As we have heard, the Government’s recently announced national resilience framework is welcome. It proposes a new institutional architecture to raise the profile of resilience within government and Parliament, with, as we recommended, a head of resilience equal in rank to the National Security Adviser; an annual parliamentary statement on resilience; a new national resilience academy to train up a new generation of risk-management professionals across relevant sectors; and a national exercising programme, embracing both military-style and virtual reality exercises to test our resilience to a range of risks. This measure was, incidentally, forcefully advocated by the two former Defence Secretaries we were lucky to have on our committee.

The credibility, acumen and perseverance of the first person appointed as head of resilience will be a crucial determinant of where the scheme as a whole ends up by fostering practical and effective action of the kind that our committee recommends. Also crucial is whether the Chancellor signs up to spending whatever sums of money—probably quite modest—are needed to implement the framework’s proposals. Given these prerequisites, we would be on the verge of making real progress.
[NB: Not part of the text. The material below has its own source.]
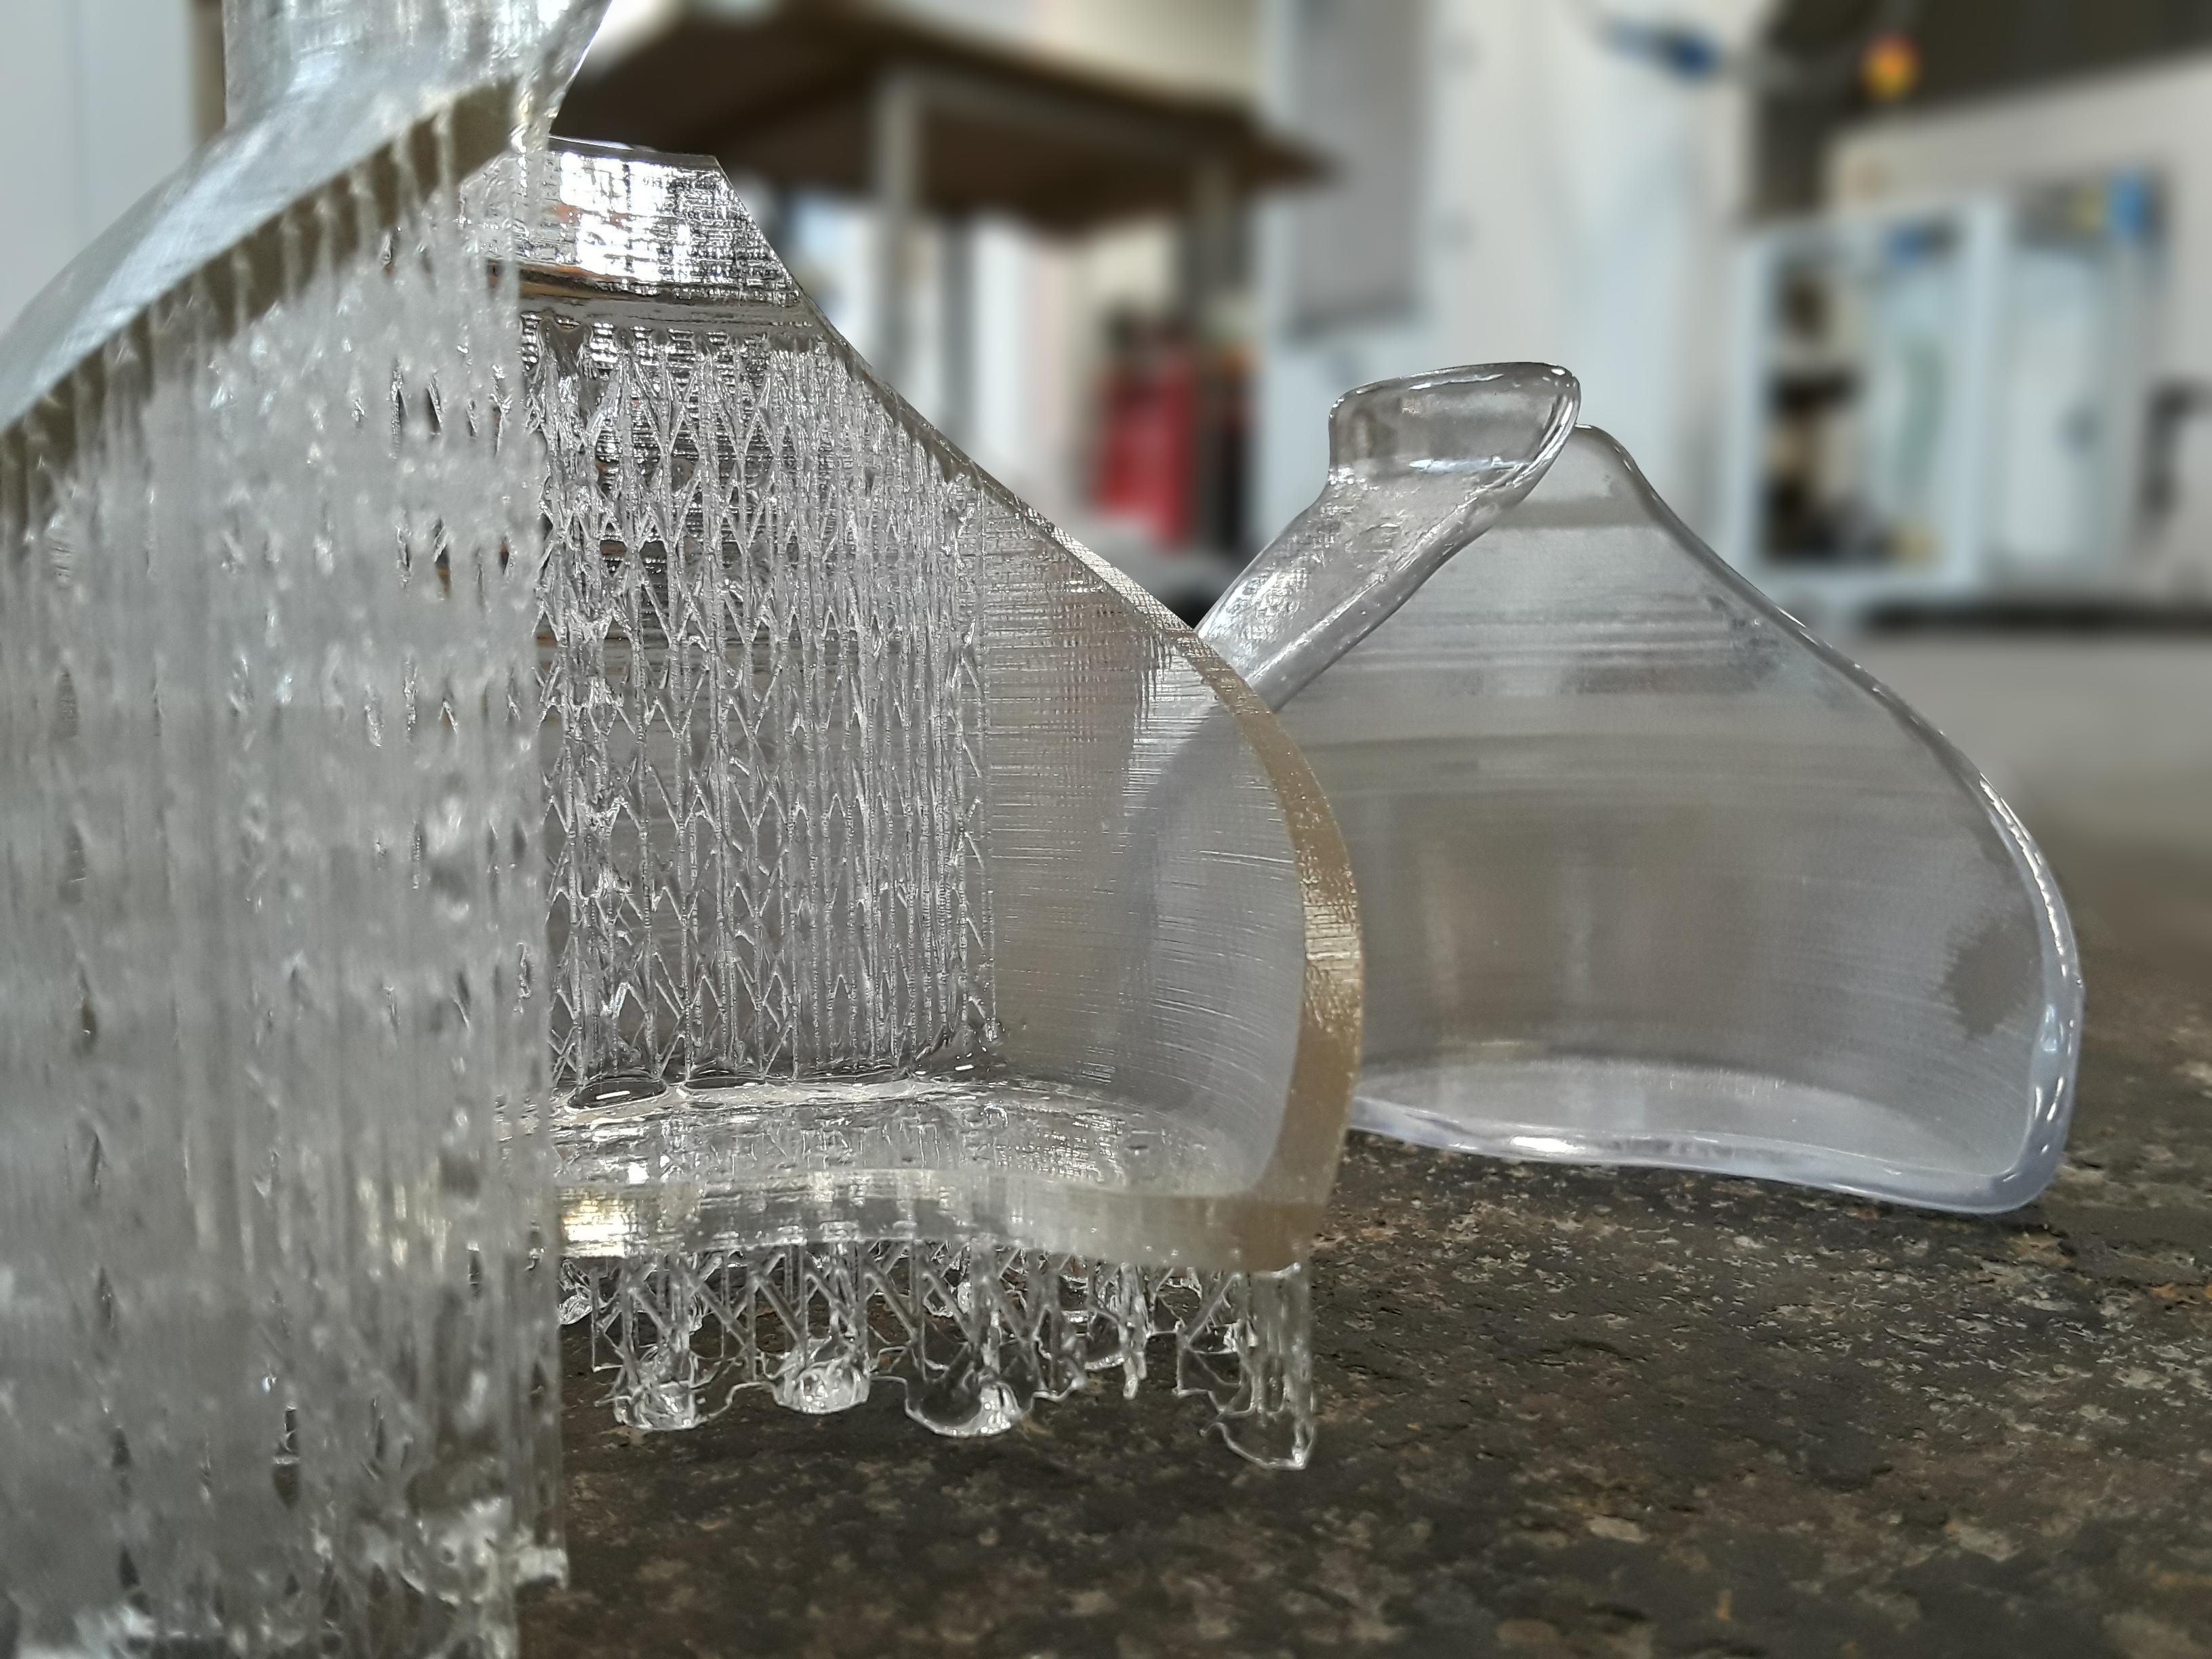 PostProcess develops swift solution for 3D printed SLA Resin

However, cross-party consensus on the institutional framework is essential if we are to properly address measures that stretch far beyond the timescales of a single Administration. A good start, already signalled by the shadow Paymaster-General, would be a manifesto commitment to nominate a Cabinet-level Minister with full-time responsibility for resilience. Moreover, the Opposition could add a series of substantive points not fully covered in the framework—in particular, establishing a statutory, independent resilience institute on the model of the Climate Change Committee or the Office for Budget Responsibility that can report to Parliament on the reality or unreality of the claims for resilience being made by relevant Ministers. That again was recommended by our committee. The UK should lead campaigning for the international co-operation that is needed to minimise the extreme threats, which are global—as most are.

If the Government vigorously implement their new framework, and the Opposition push more vigorously in these directions, then our democracy will be working as it should to protect society from catastrophe.